(INFORMATION PROVIDED)

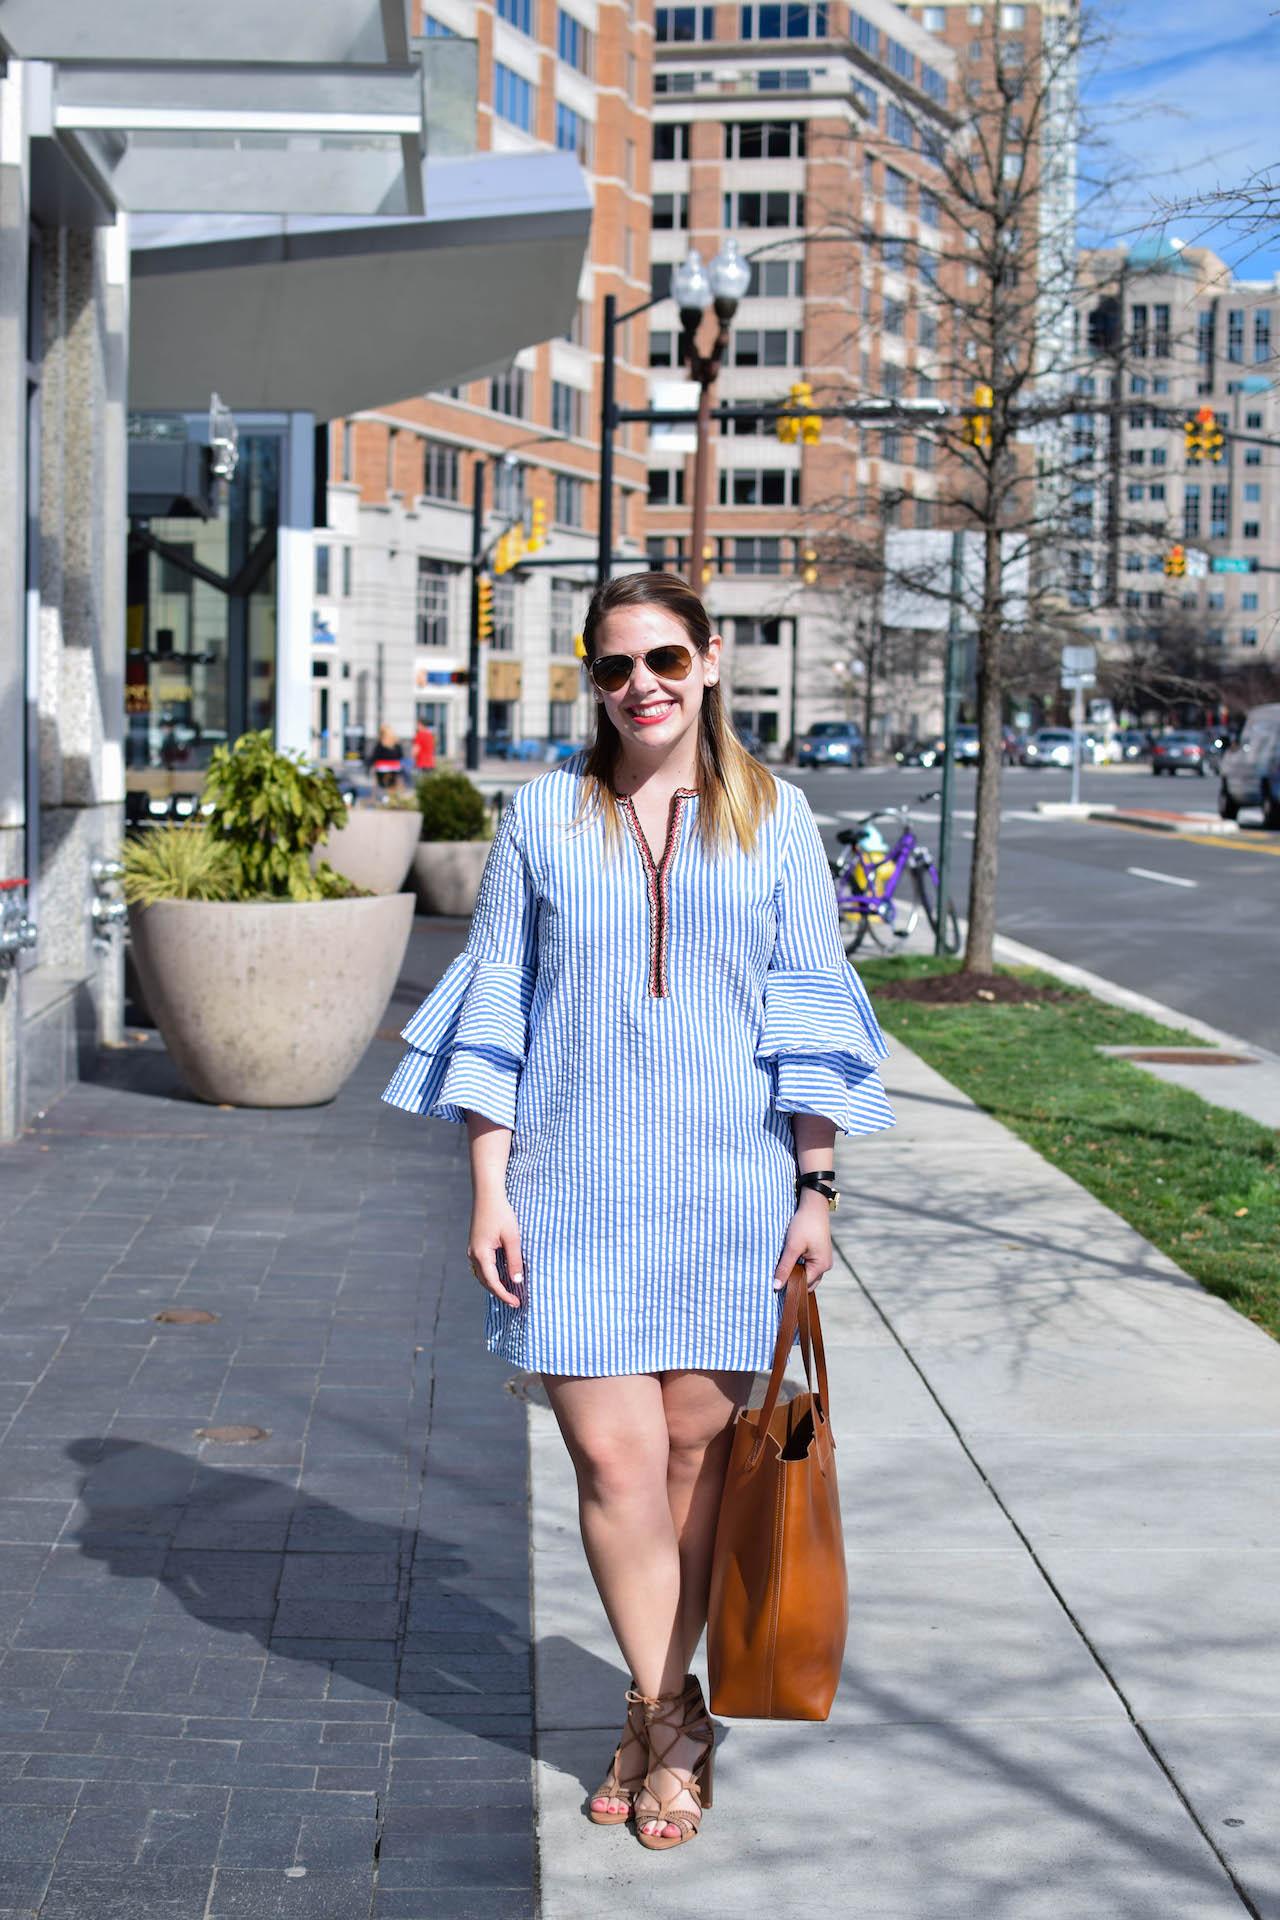 bell sleeves dress for spring
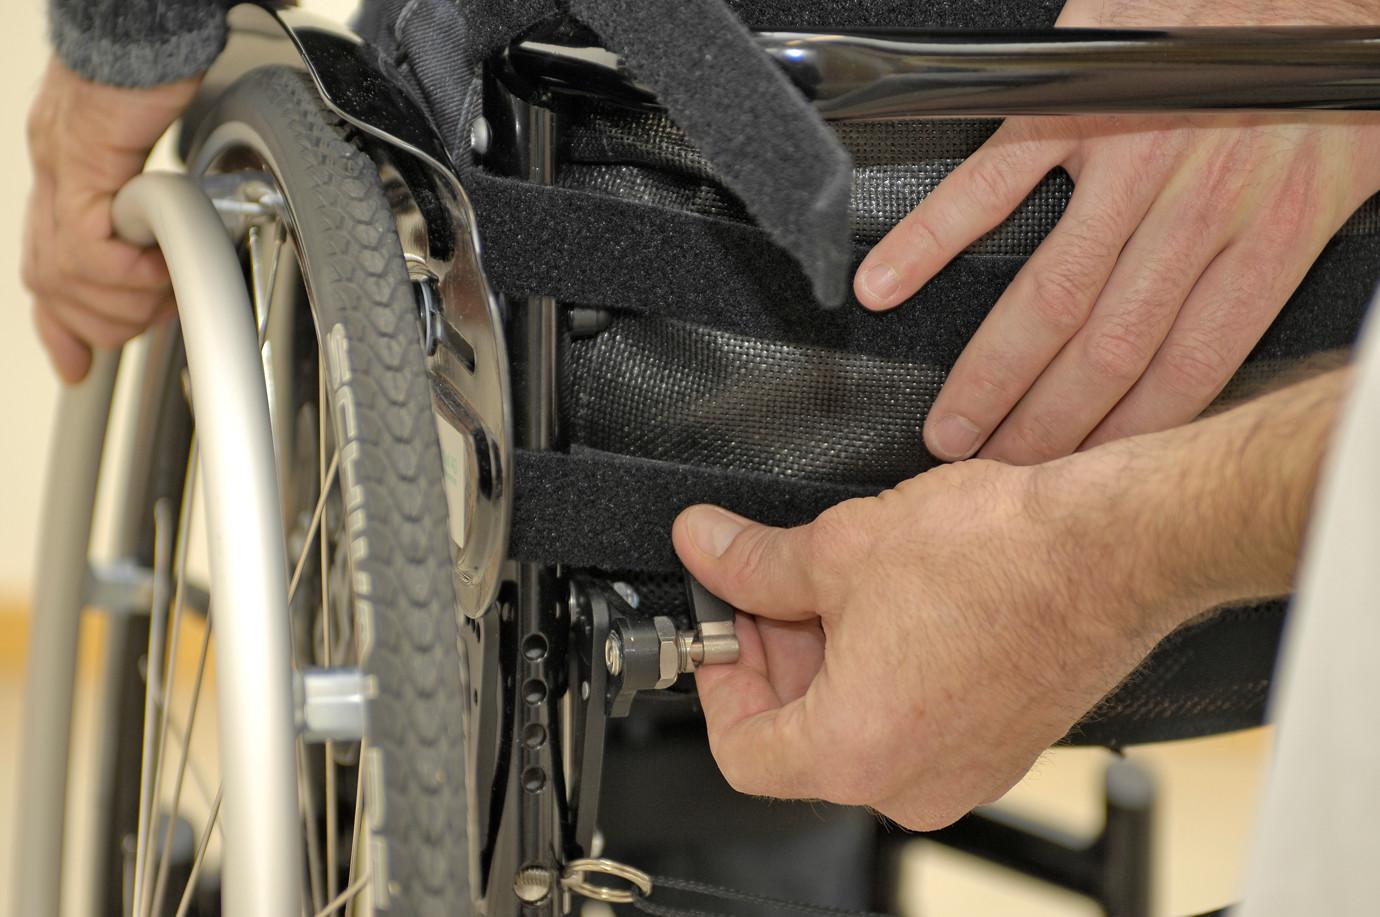 Wheelchair adaption
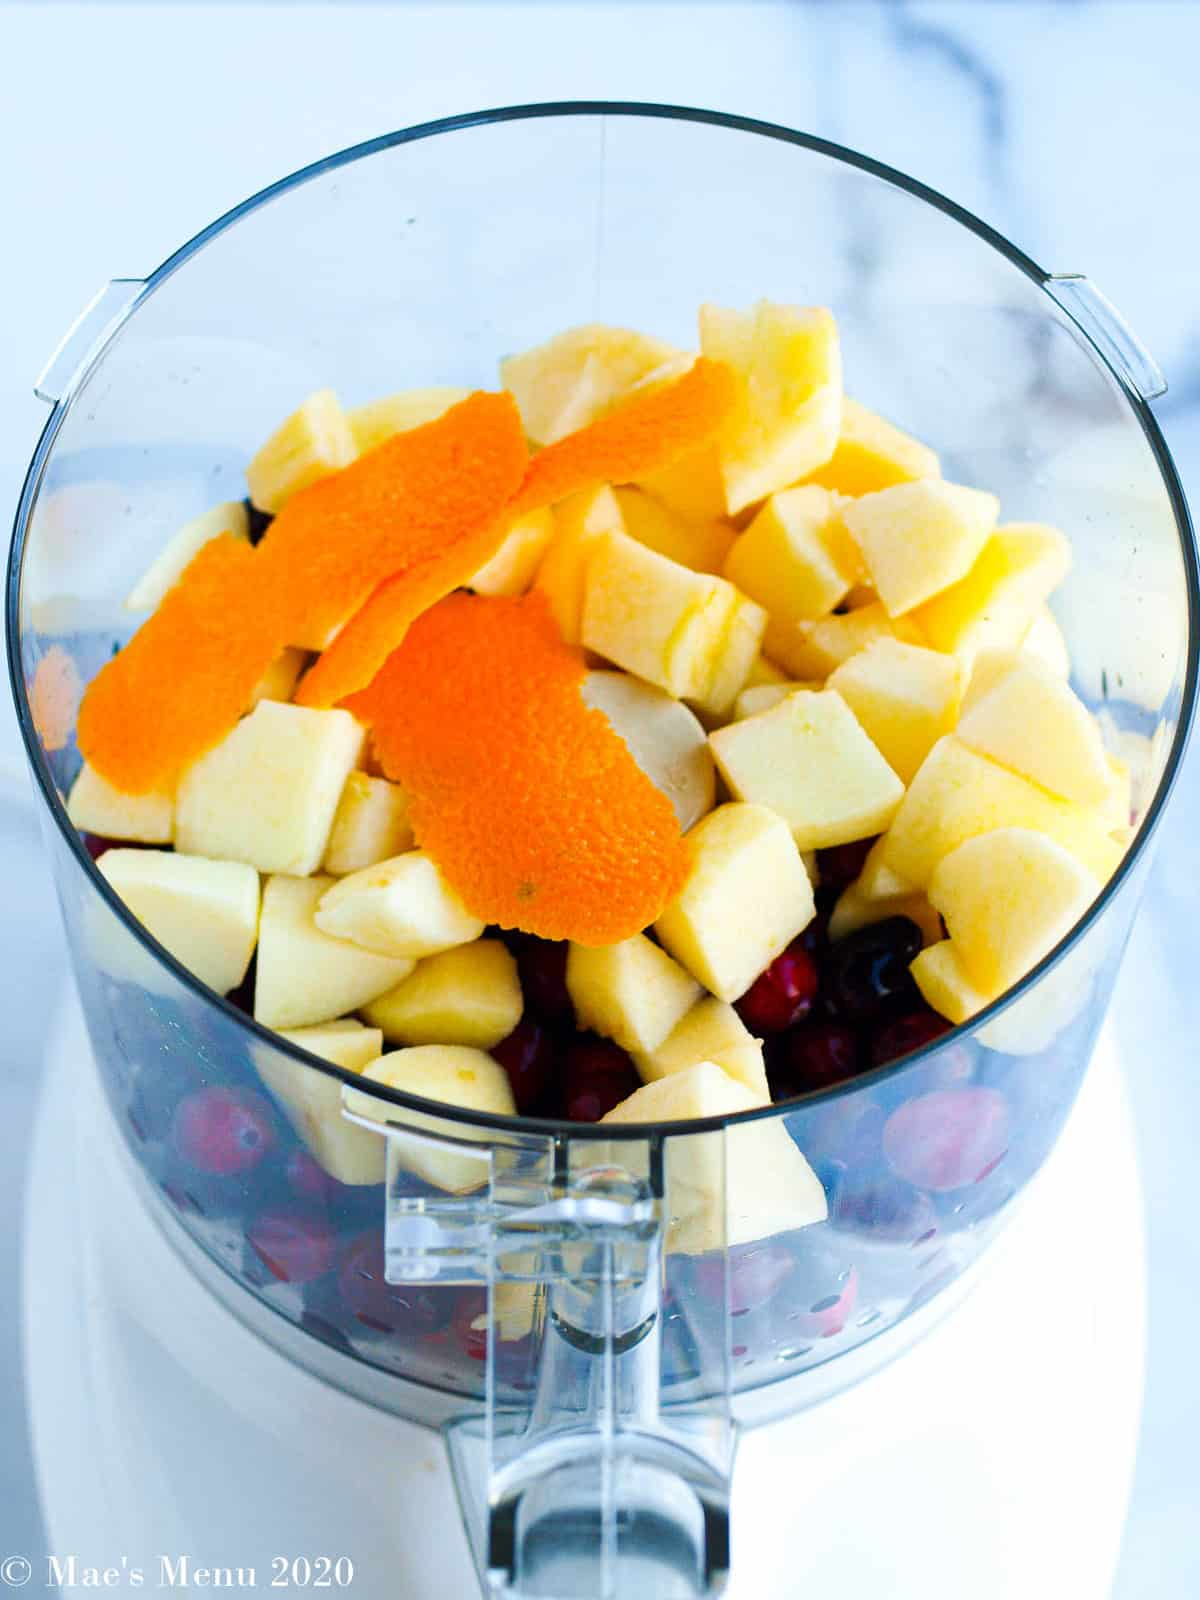 Orange peel, apple chunks, and fresh cranberries in a food processor
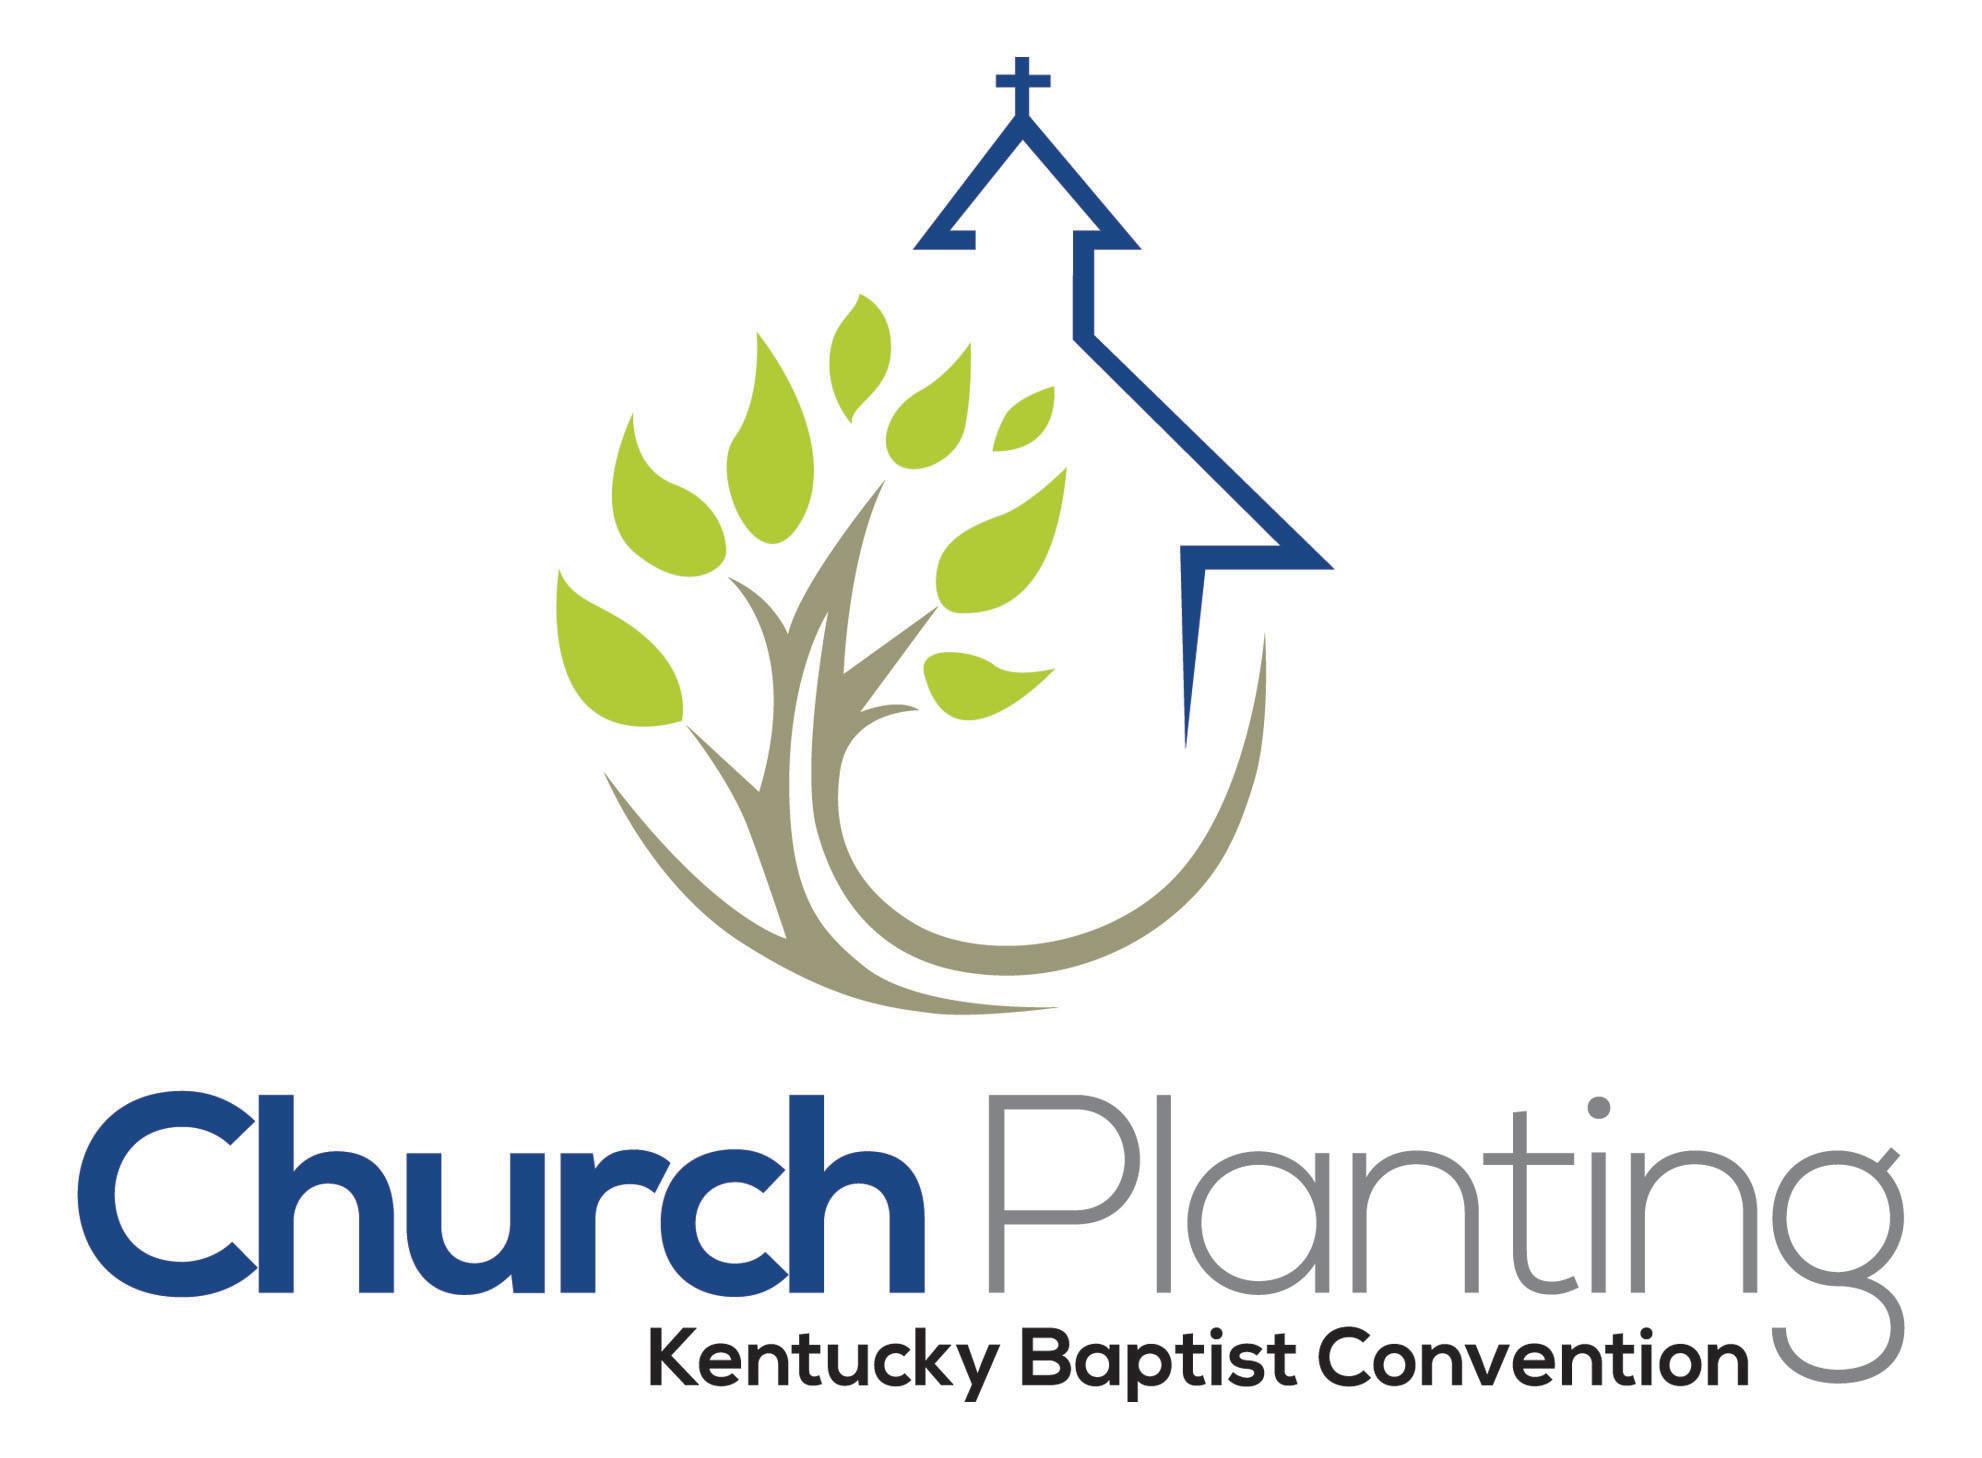 Church Planting   Kentucky Baptist Convention

(End INFORMATION PROVIDED)

HOW TO COMPLETE THIS TASK
Pictures stay out; everything else in the listing above is to be repeated exactly.

WRITTEN ANSWER
 bell sleeves dress for spring
 Wheelchair adaption
 Orange peel, apple chunks, and fresh cranberries in a food processor
 Church Planting   Kentucky Baptist Convention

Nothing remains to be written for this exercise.